Technical Diagrams - Stop using cloud logos

Quick, what is this diagram trying to show?

An architecture diagram using AWS service logos. It intentionally does not use labels to force the reader to guess what the strangely colored logos are supposed to represent.

An architecture diagram using AWS service icons to describe services

I hope you know your AWS icons. There’s over 200 services and I have to guess frequently when playing the AWS Logo Quiz. While this diagram could easily add some descriptive labels to help, the icons assume developers can remember what the icon means. Some color-blind people may even struggle to see the difference in coloring that AWS uses for different types of services. These icons become visually cluttered and distract the viewer from what matters–your system.

Your design documents aren’t supposed to be AWS marketing material, they’re supposed to be refined, intuitive, and show how the parts fit together, not just show you can glue together these different services.

Compare that with the below diagram:

An architecture diagram showing a simple service using just solid color boxes and arrows instead of service logos.
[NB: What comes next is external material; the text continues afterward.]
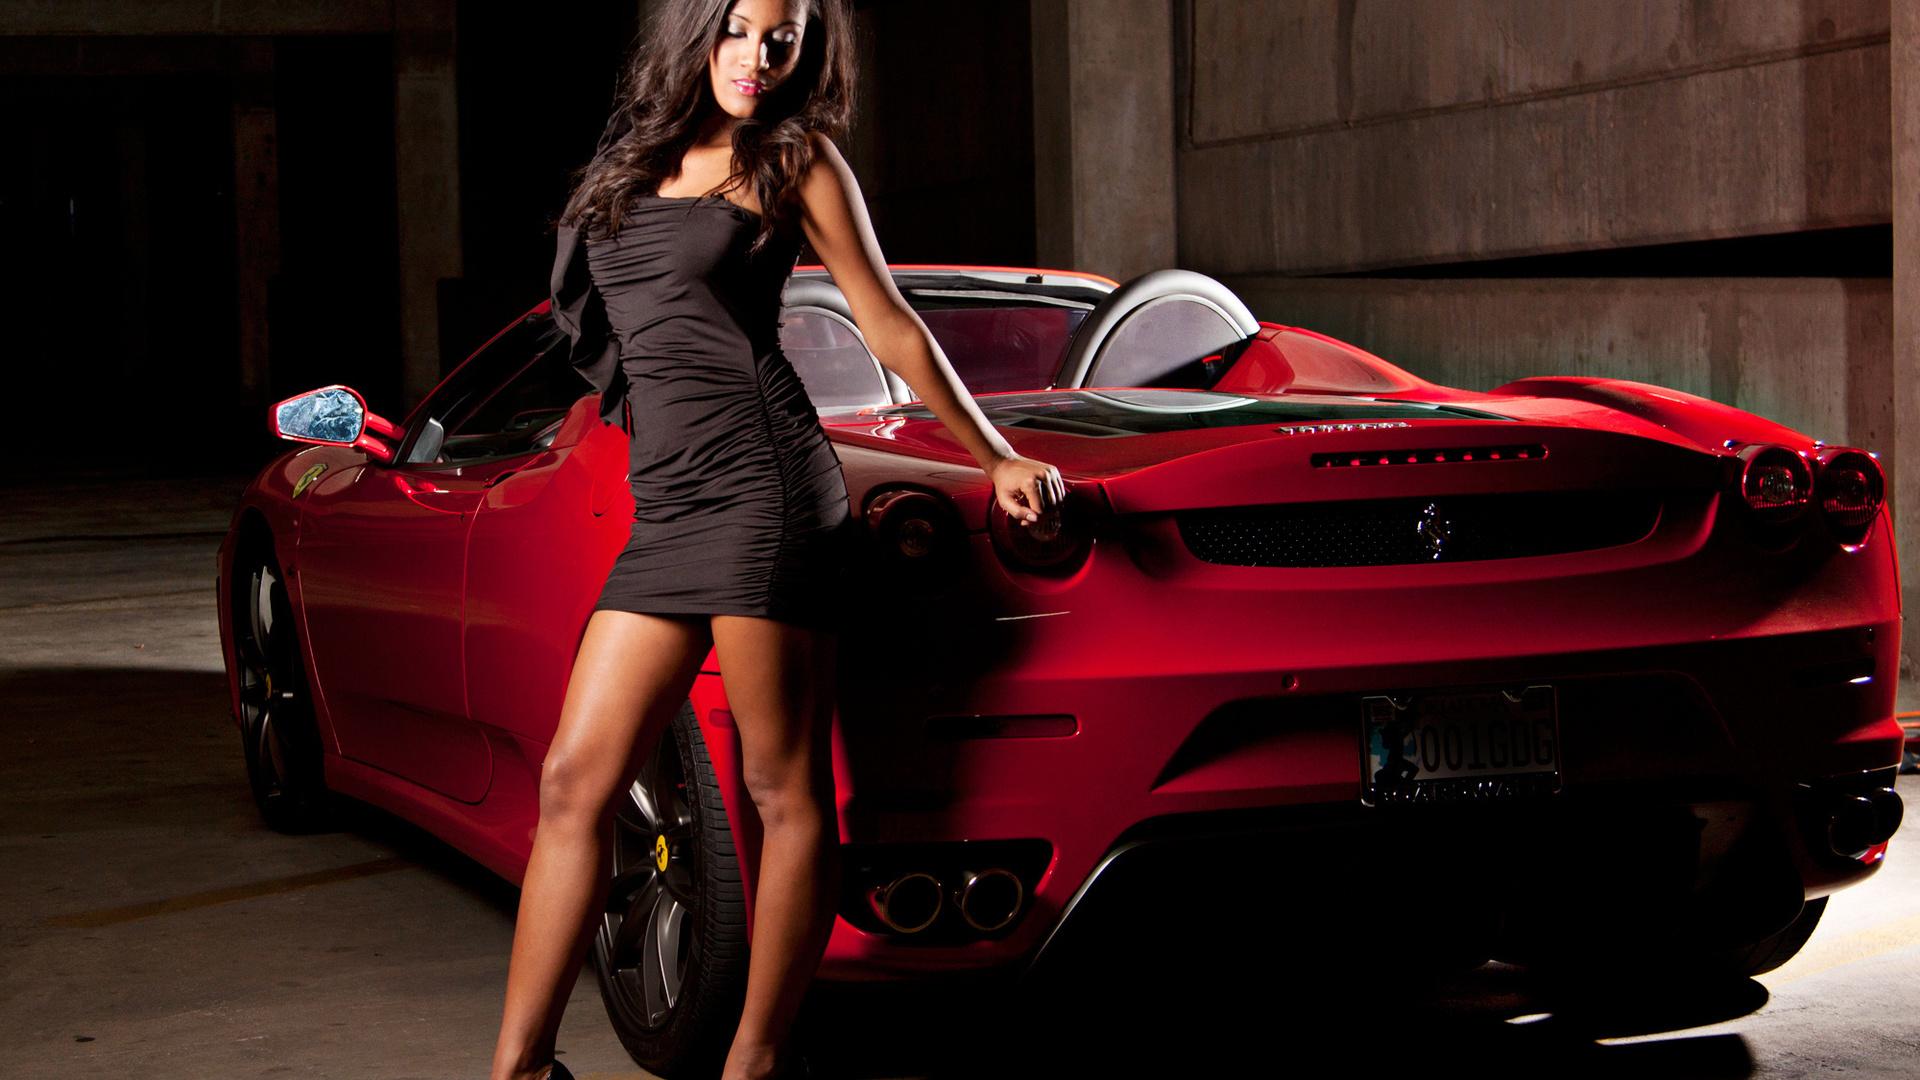 машина, секси, девушка, Ferrari, тачка, брюнетка
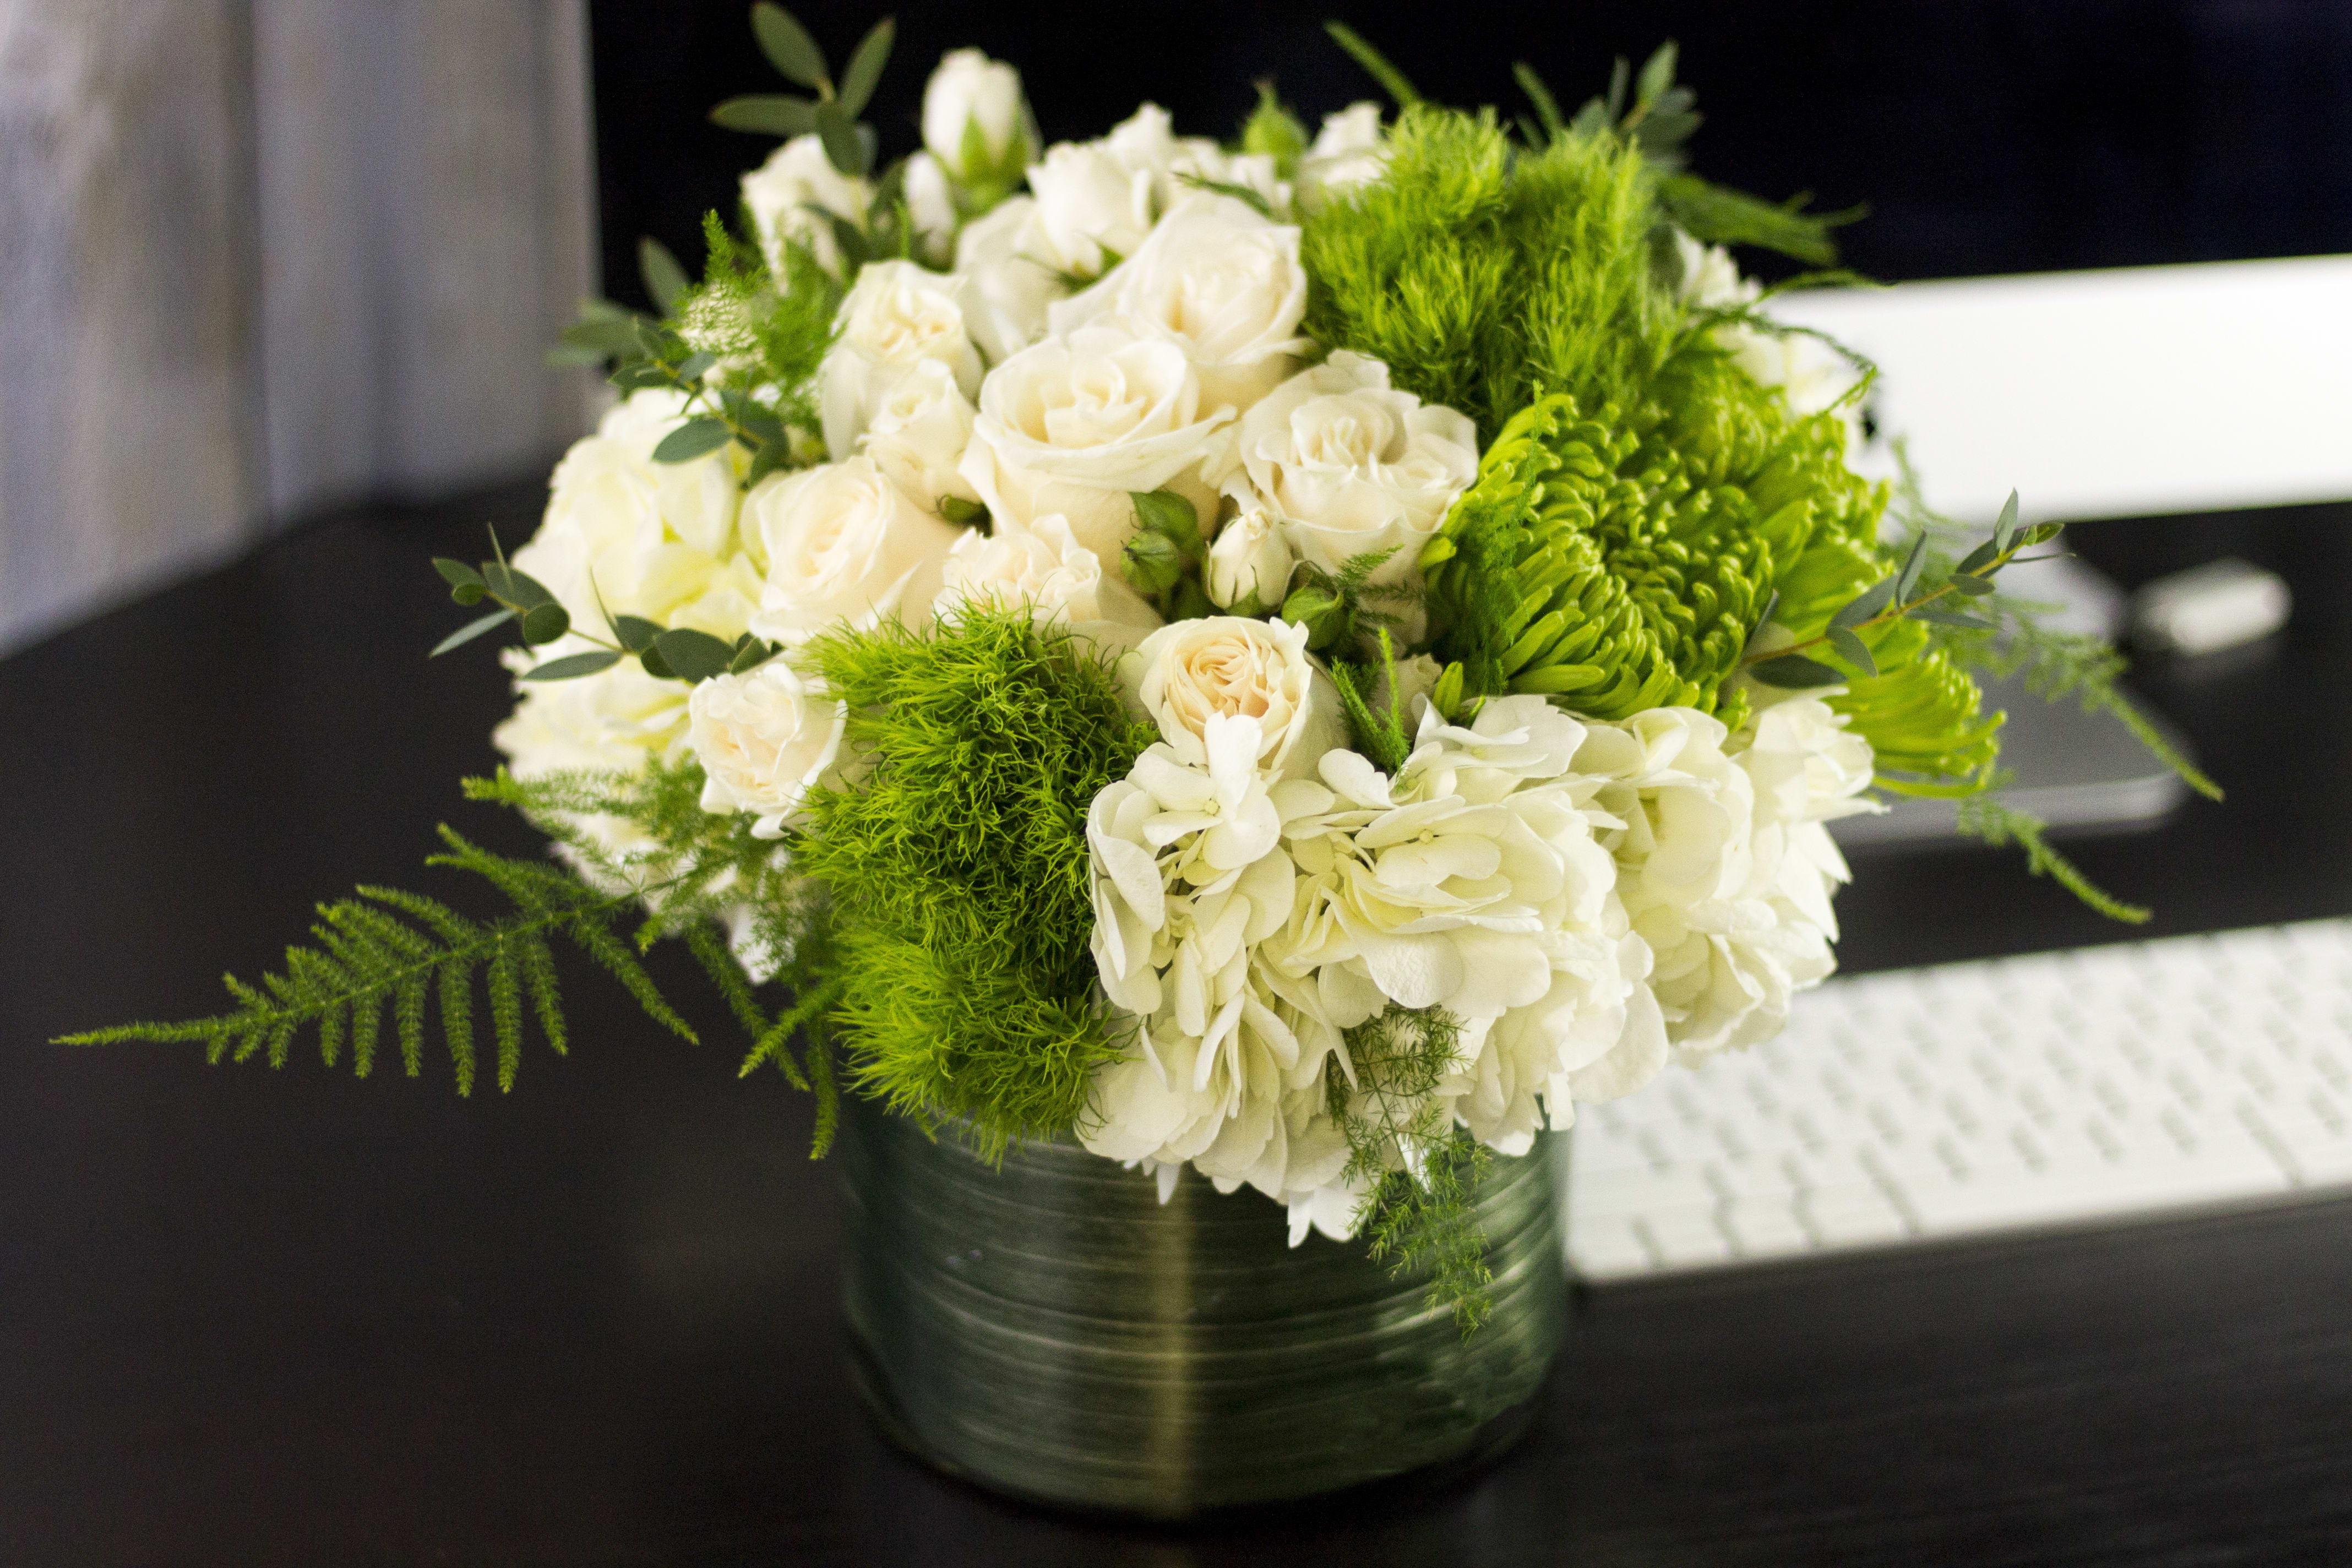 Green and White Flower Arrangement

It still labels service names if relevant, for example using “Pending Work Topic (SNS)” to denote it’s an AWS SQS queue.

Here I use simple boxes and arrows to focus the viewer on the key parts that matter on each part. Service and component names become the primary focus with the service being a secondary detail on the label.

I also use colors and simple shading to signify which components are new, changing, or being removed in my projects. This helps to convey relative impact of projects to other engineers. Avoid using too many similar colors to ensure that color blind coworkers are still able to understand your diagrams.